WHAT THE TASK REQUIRES: Write out exactly every line from the one containing "Oskaloosa Shopper week of 8/14/19" through the final line of the material below, both included. Pictures are to be skipped.

SOURCE MATERIAL:
——————————

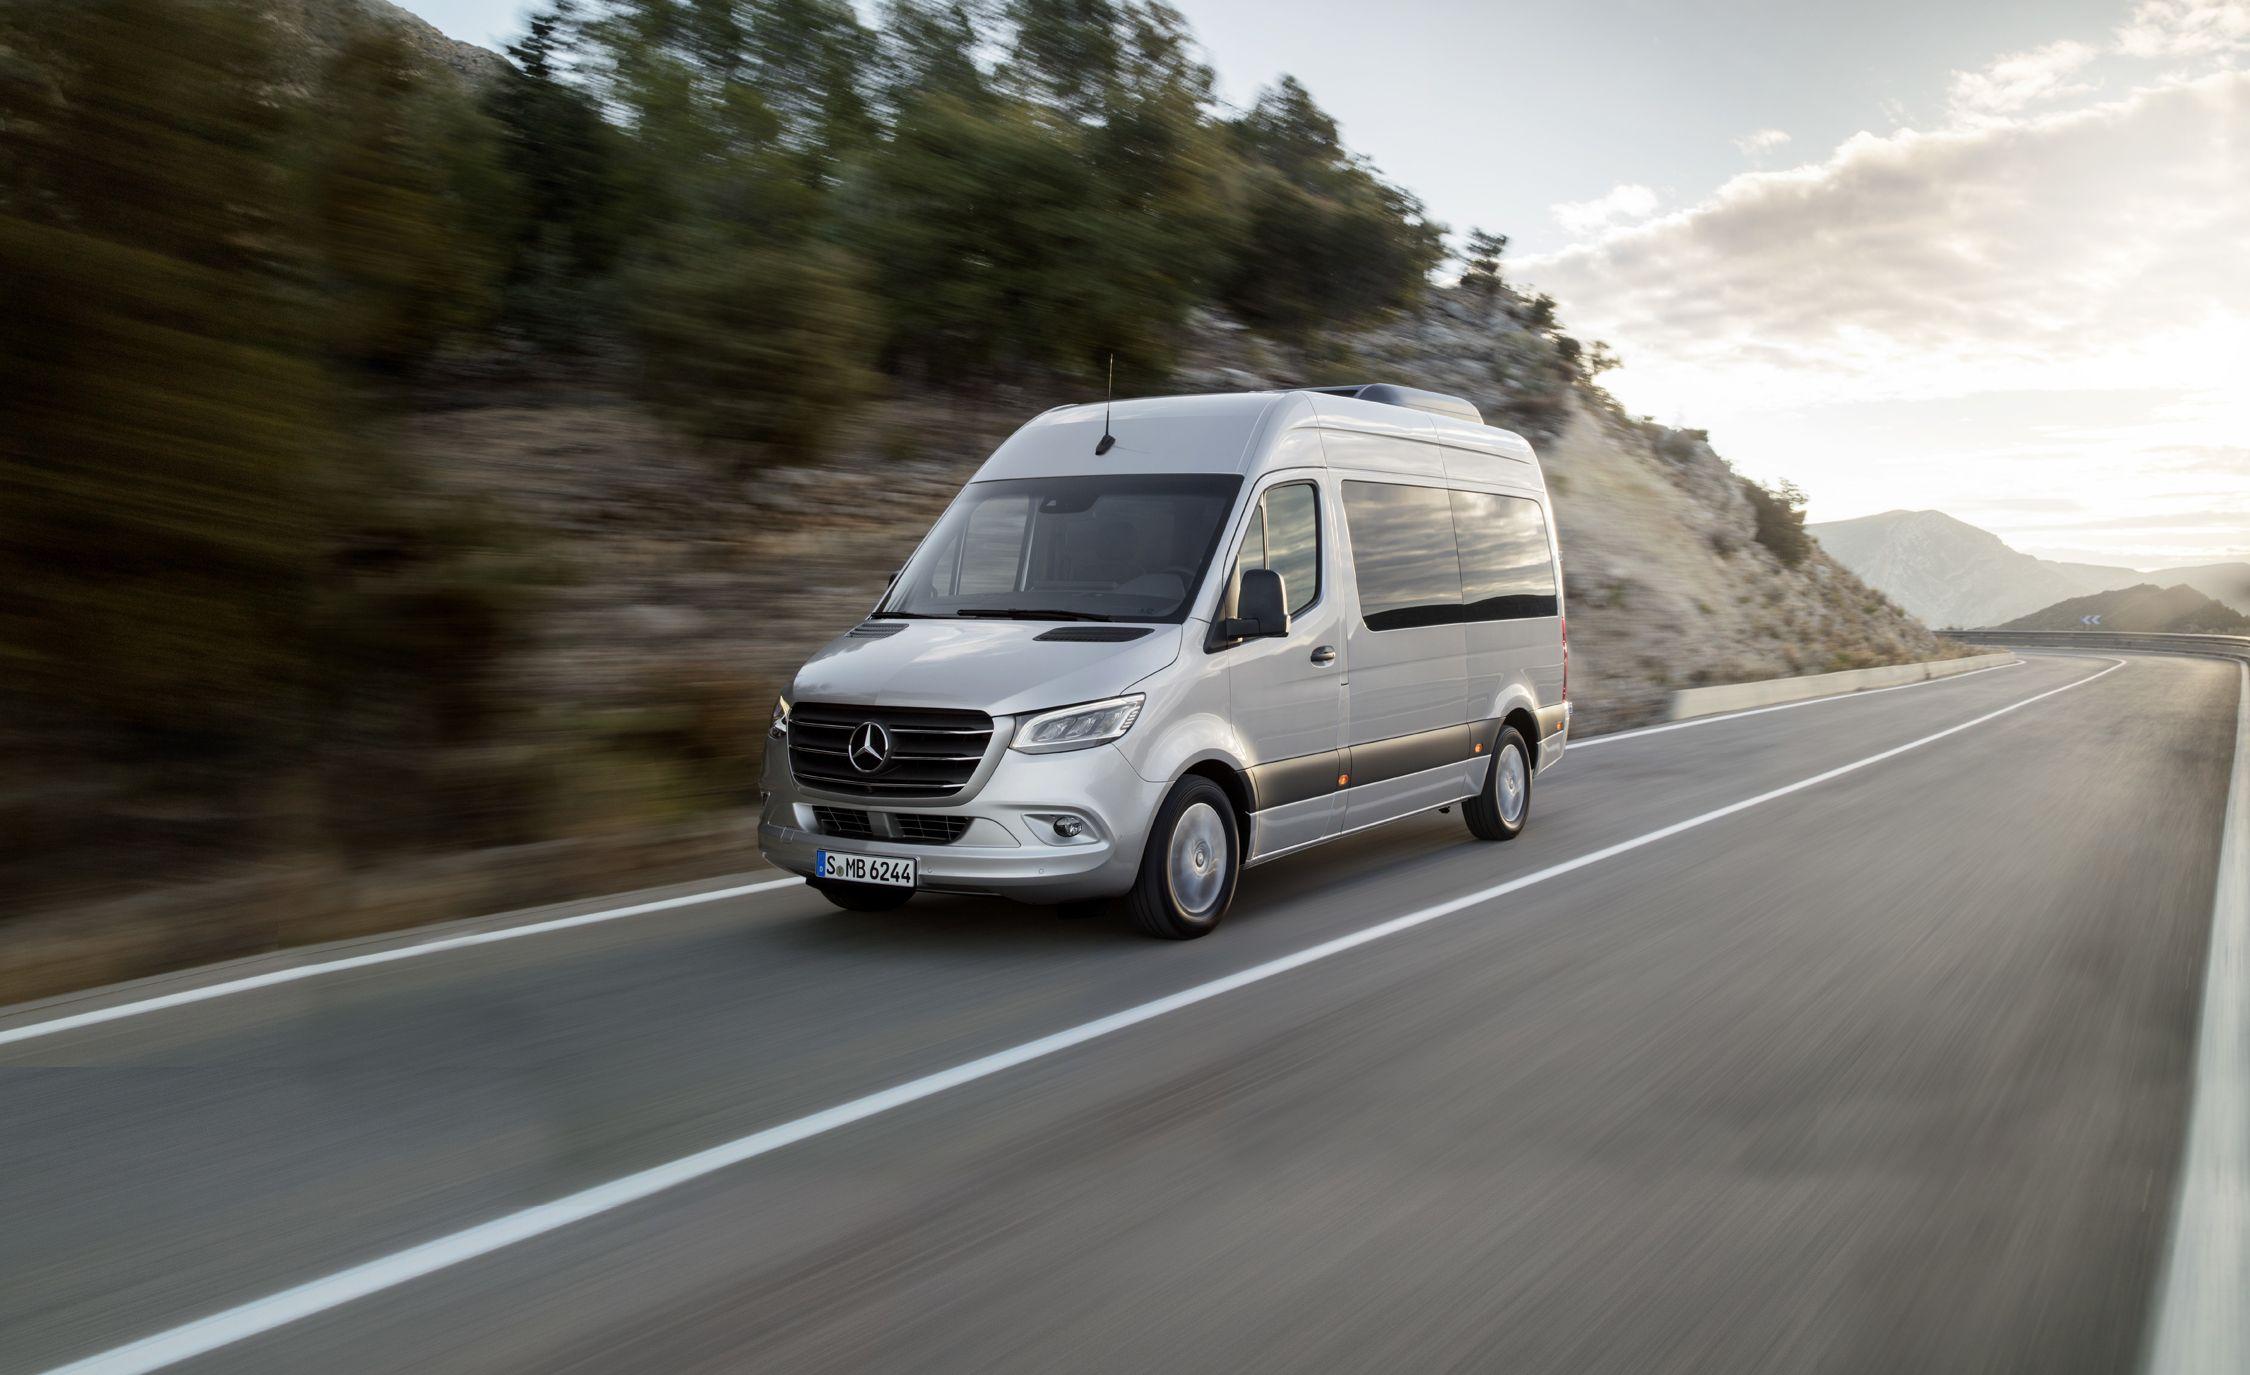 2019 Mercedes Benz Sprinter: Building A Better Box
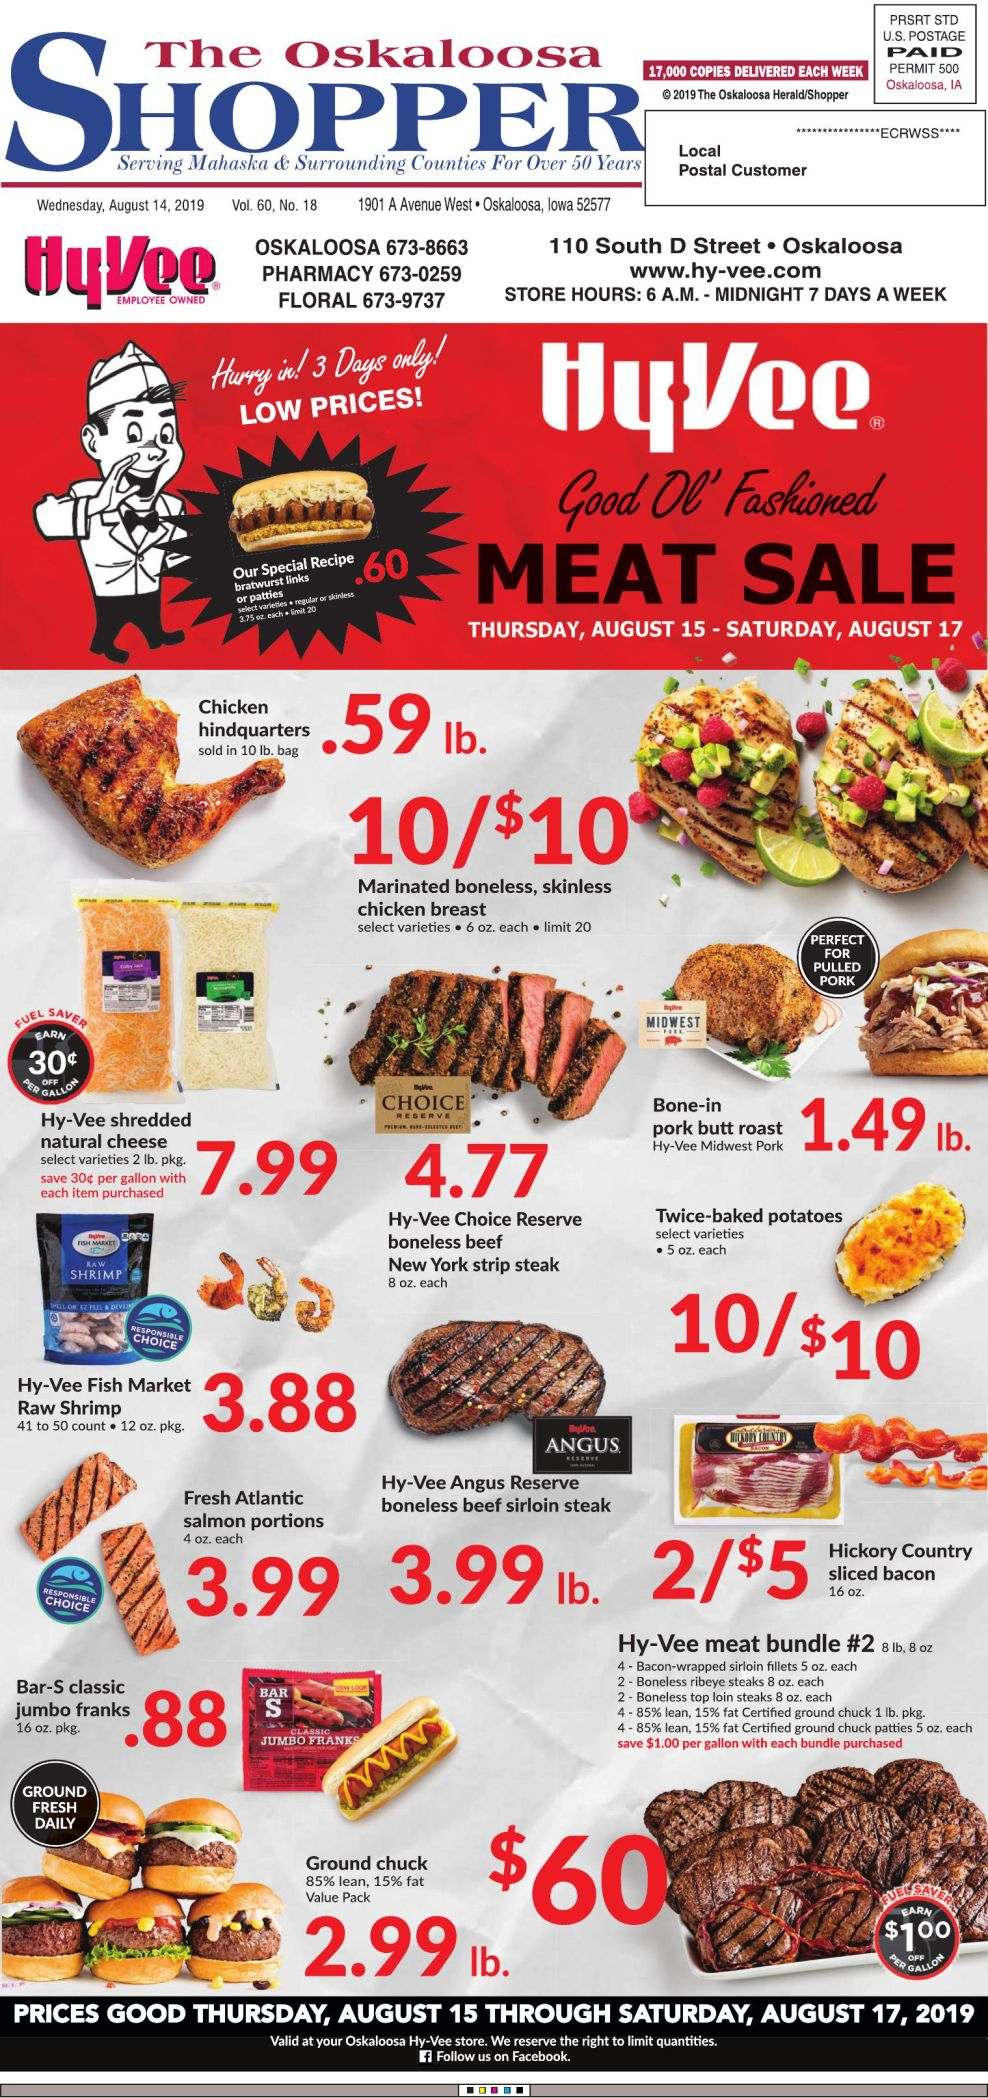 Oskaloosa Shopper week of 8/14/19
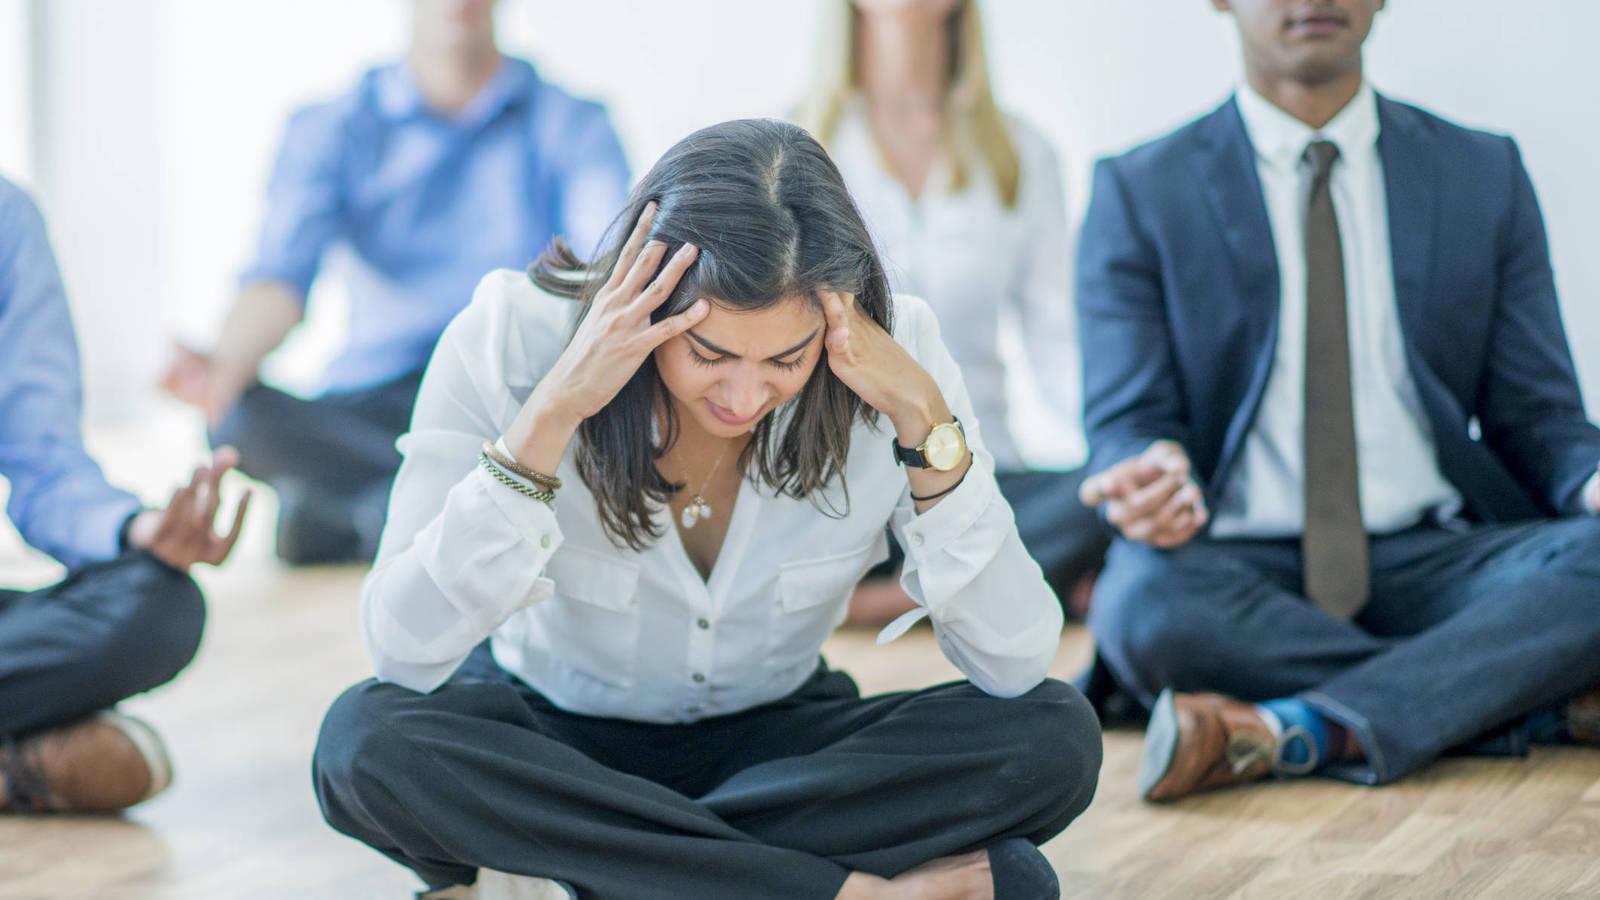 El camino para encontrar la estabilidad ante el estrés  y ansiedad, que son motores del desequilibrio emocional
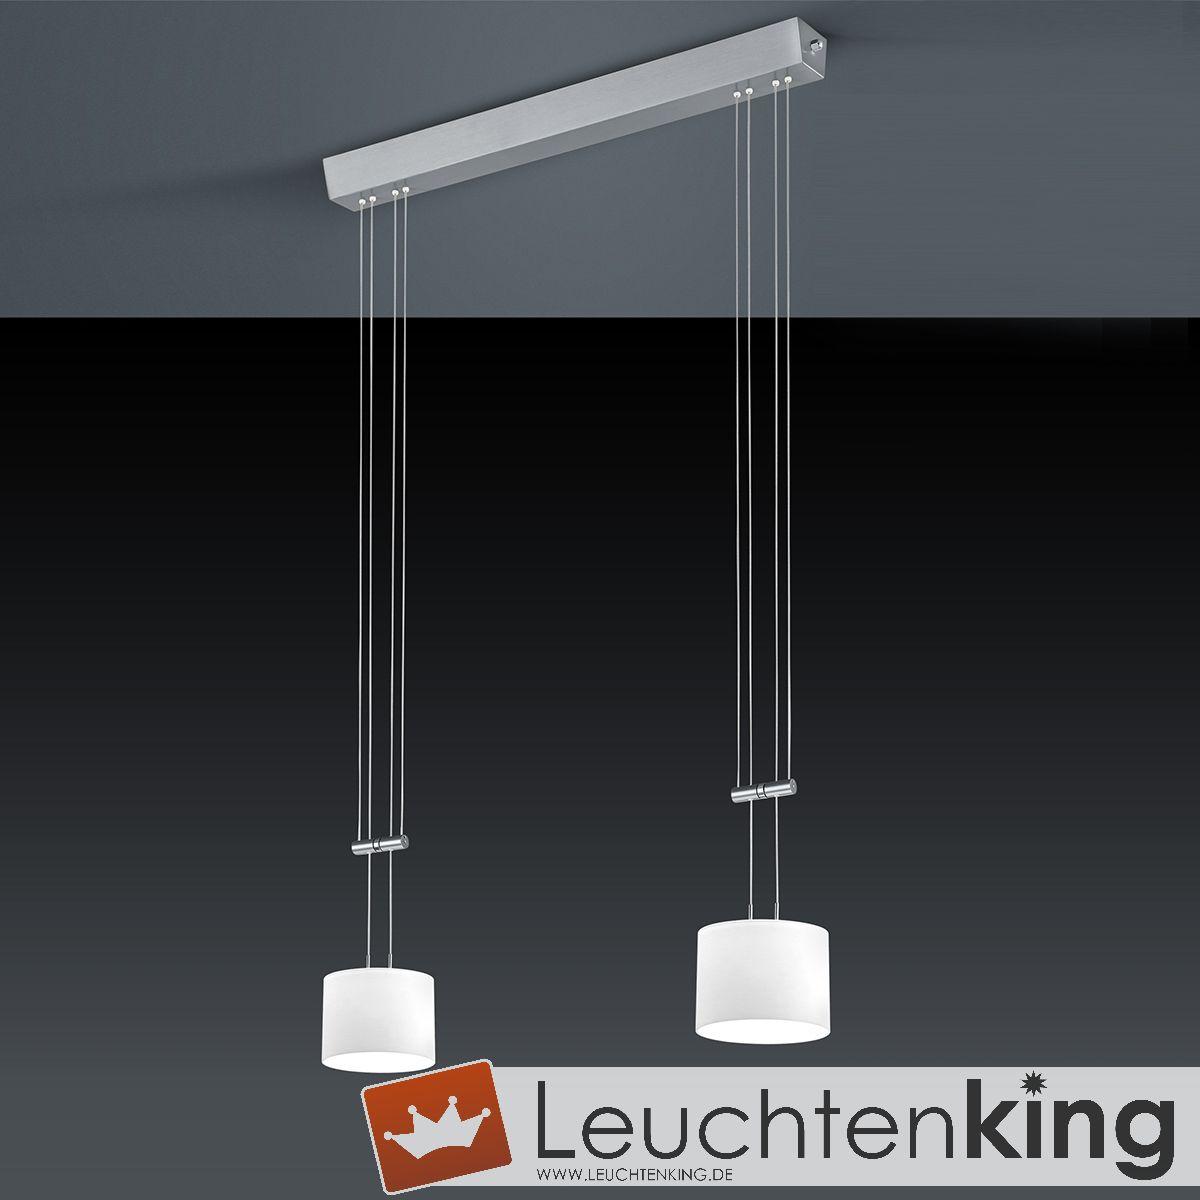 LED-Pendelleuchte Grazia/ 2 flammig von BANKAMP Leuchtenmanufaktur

——————————

PROBLEM SOLUTION:
 Oskaloosa Shopper week of 8/14/19
 El camino para encontrar la estabilidad ante el estrés  y ansiedad, que son motores del desequilibrio emocional
 LED-Pendelleuchte Grazia/ 2 flammig von BANKAMP Leuchtenmanufaktur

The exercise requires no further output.